_Exercise instructions_. Omit the images, then repeat the listing exactly.

_Dataset excerpt_.
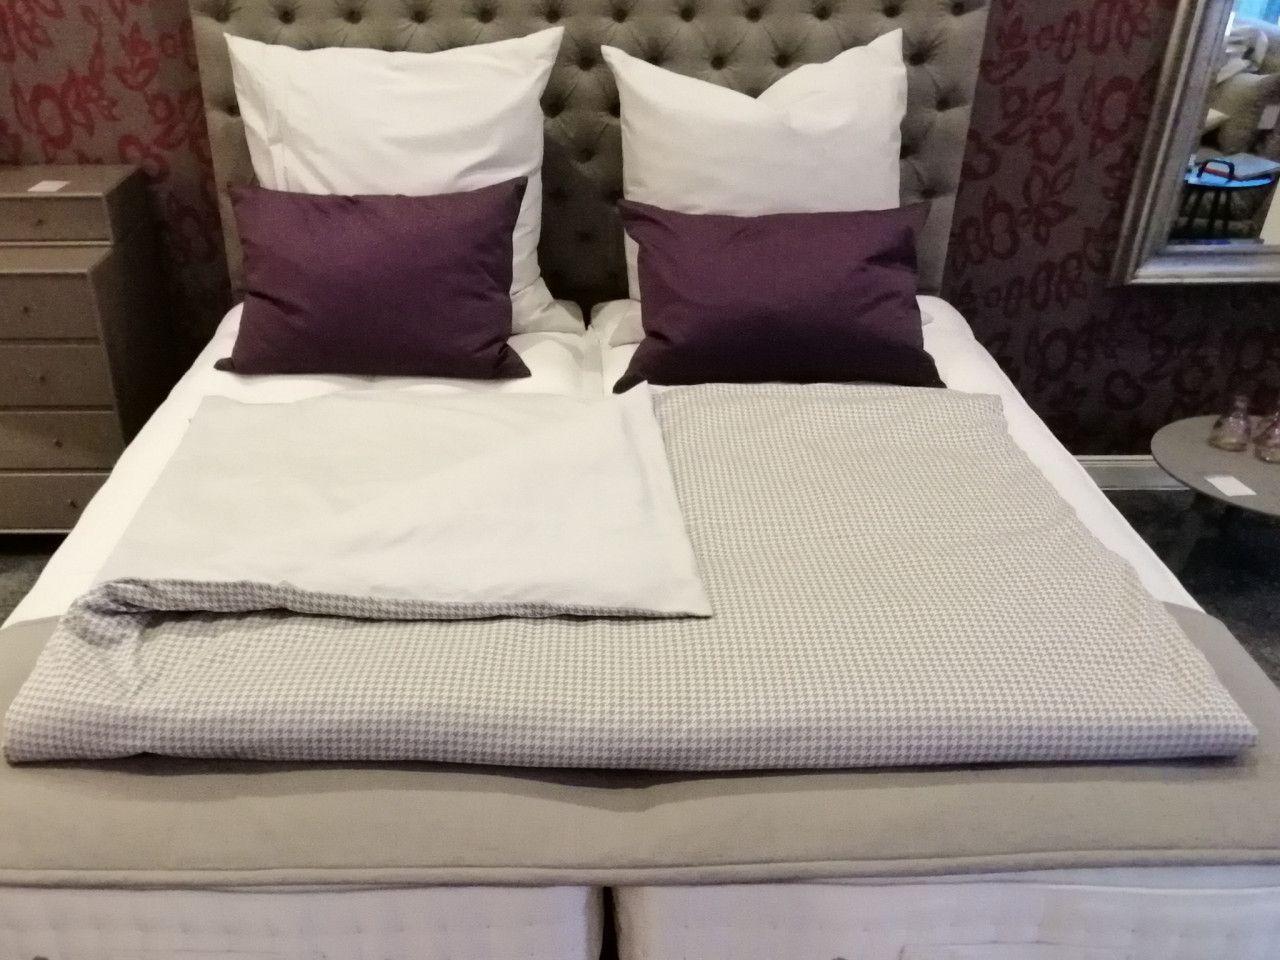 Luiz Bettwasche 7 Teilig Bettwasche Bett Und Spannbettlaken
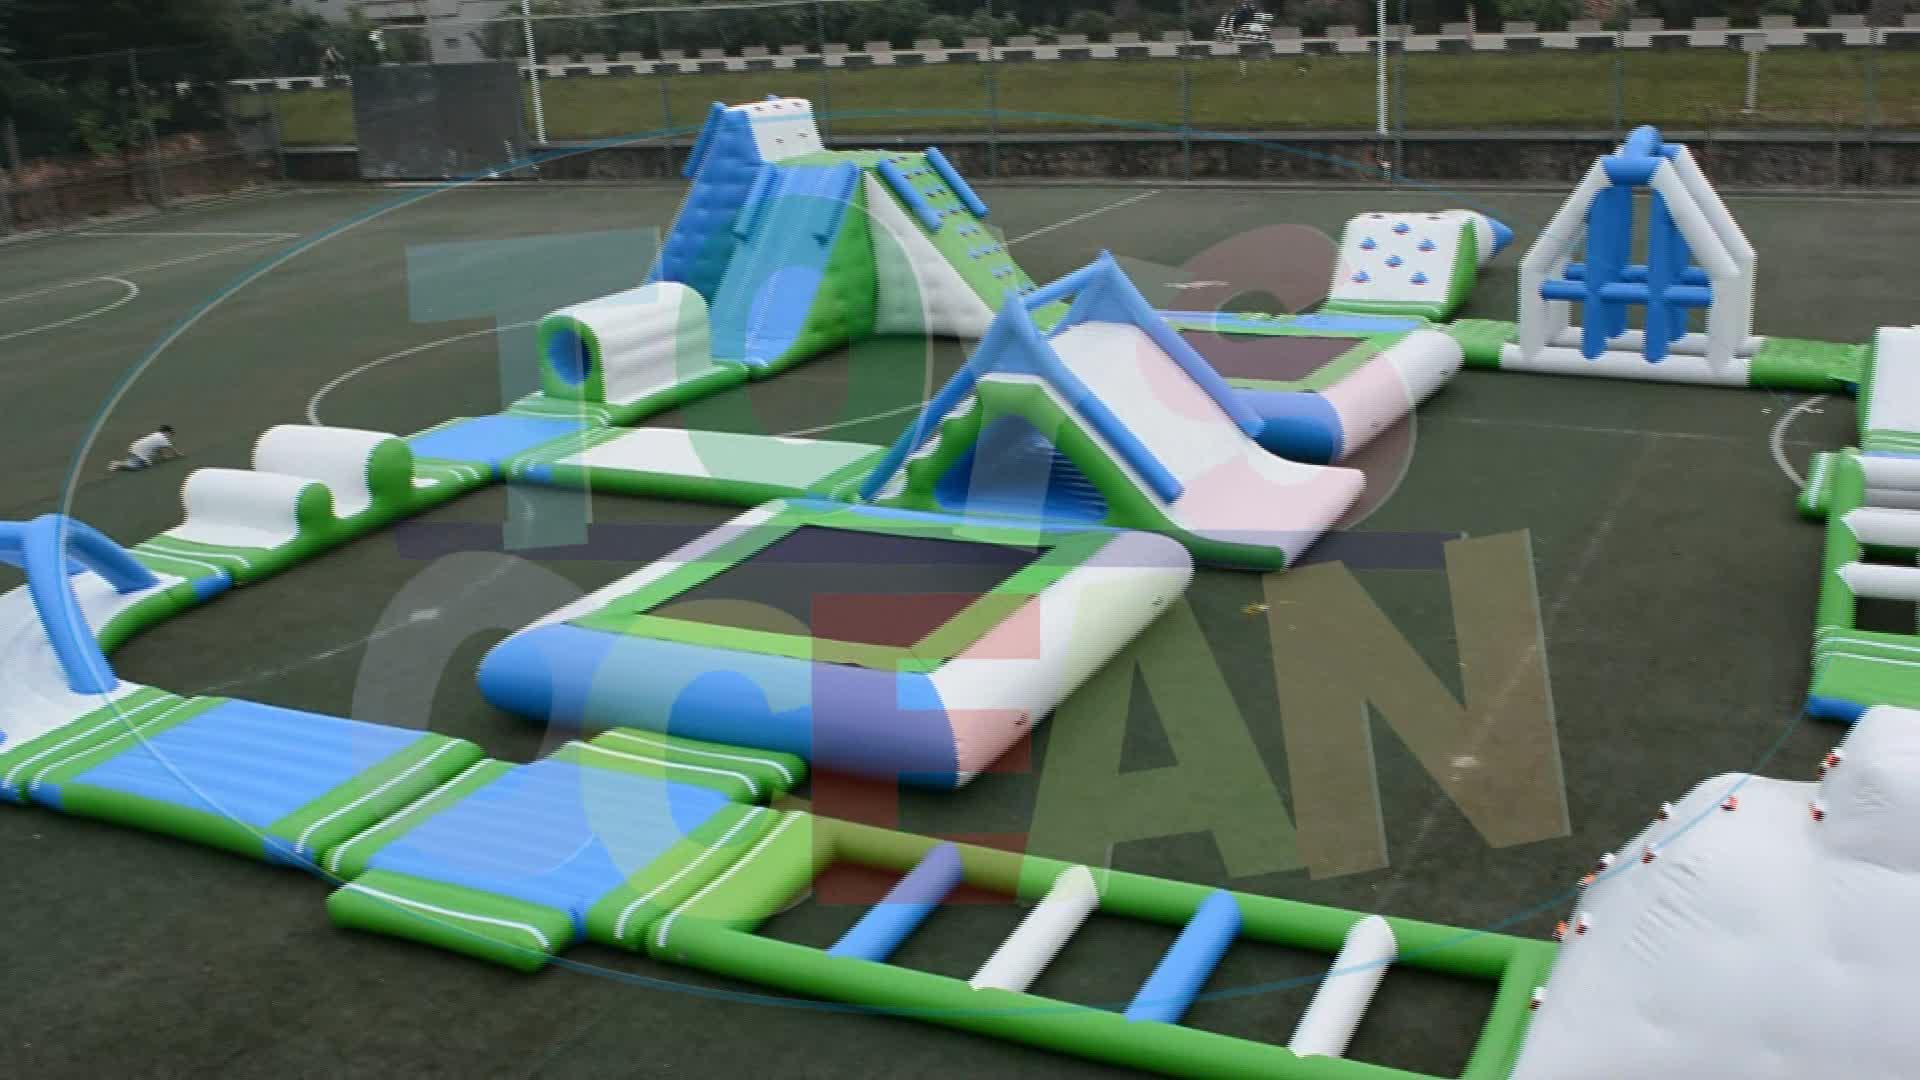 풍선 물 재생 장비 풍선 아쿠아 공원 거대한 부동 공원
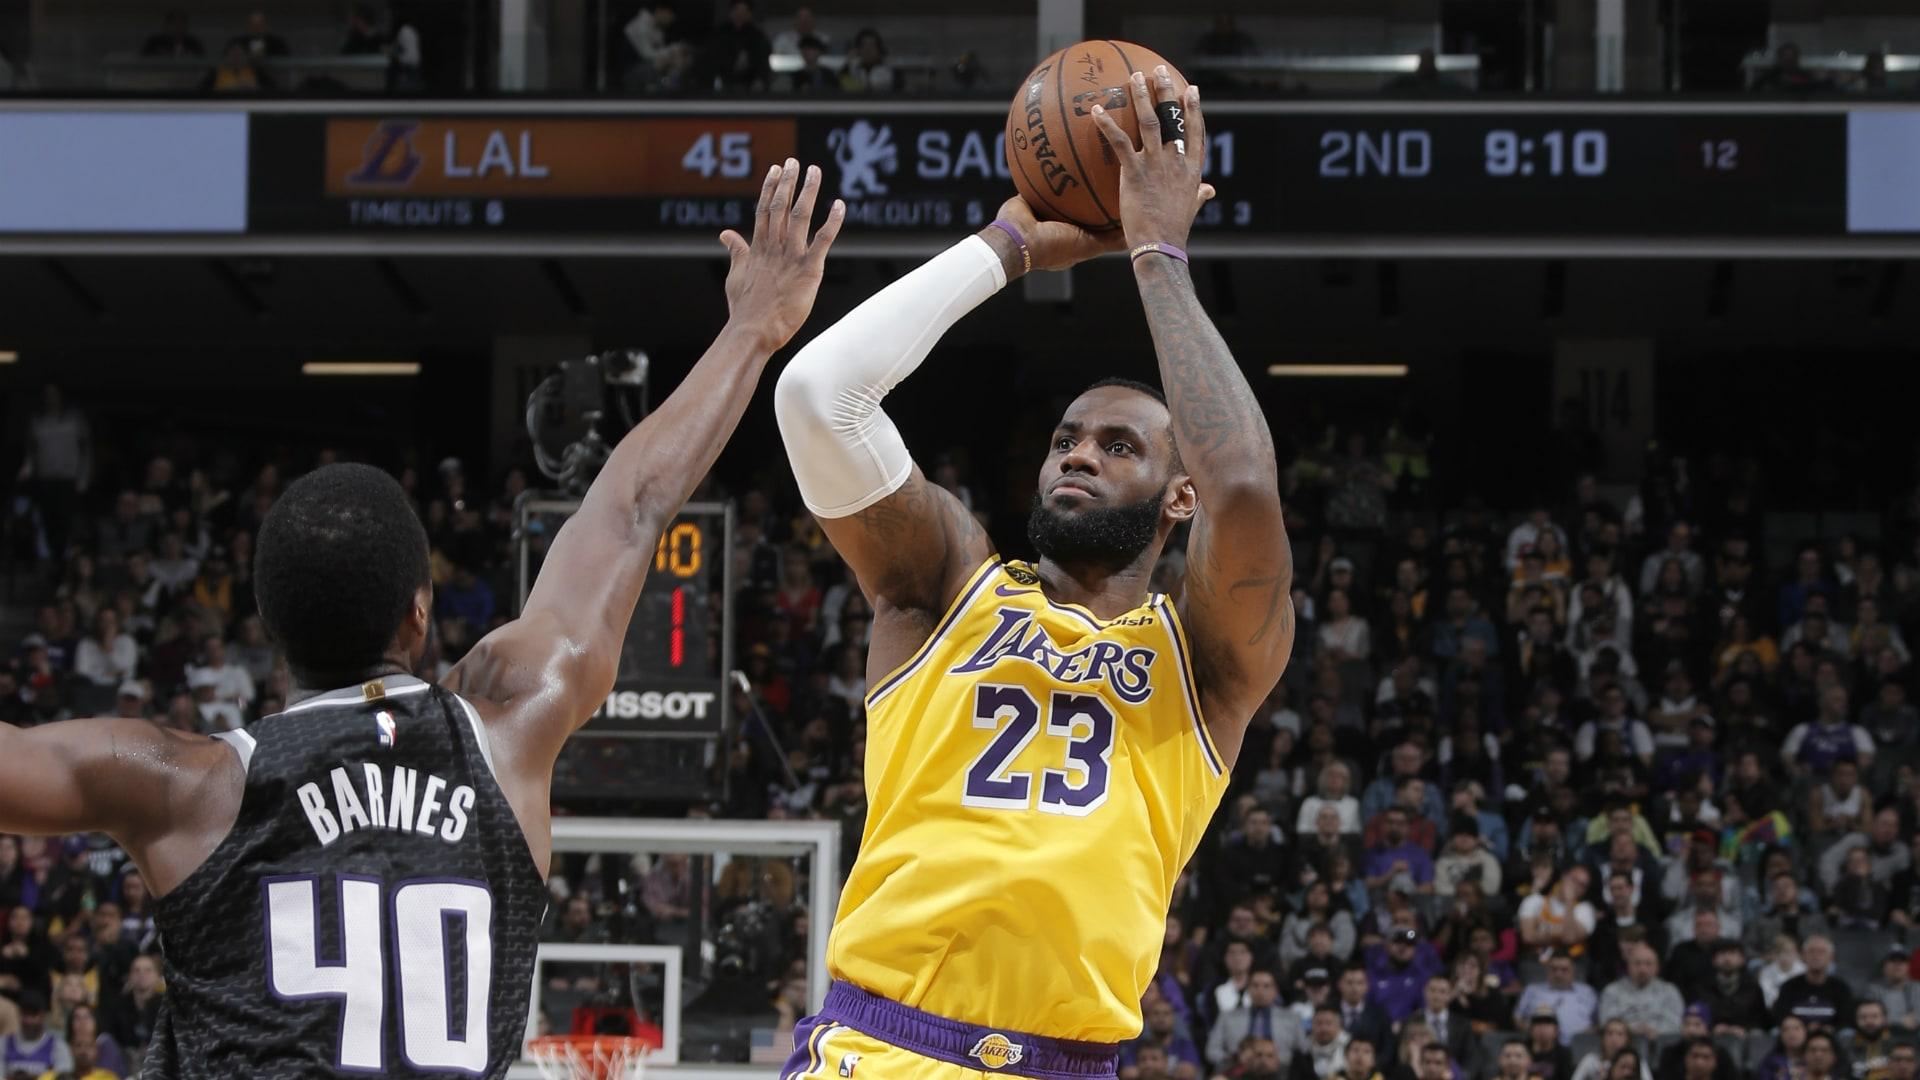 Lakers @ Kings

_Reply_.
 Luiz Bettwasche 7 Teilig Bettwasche Bett Und Spannbettlaken
 풍선 물 재생 장비 풍선 아쿠아 공원 거대한 부동 공원
 Lakers @ Kings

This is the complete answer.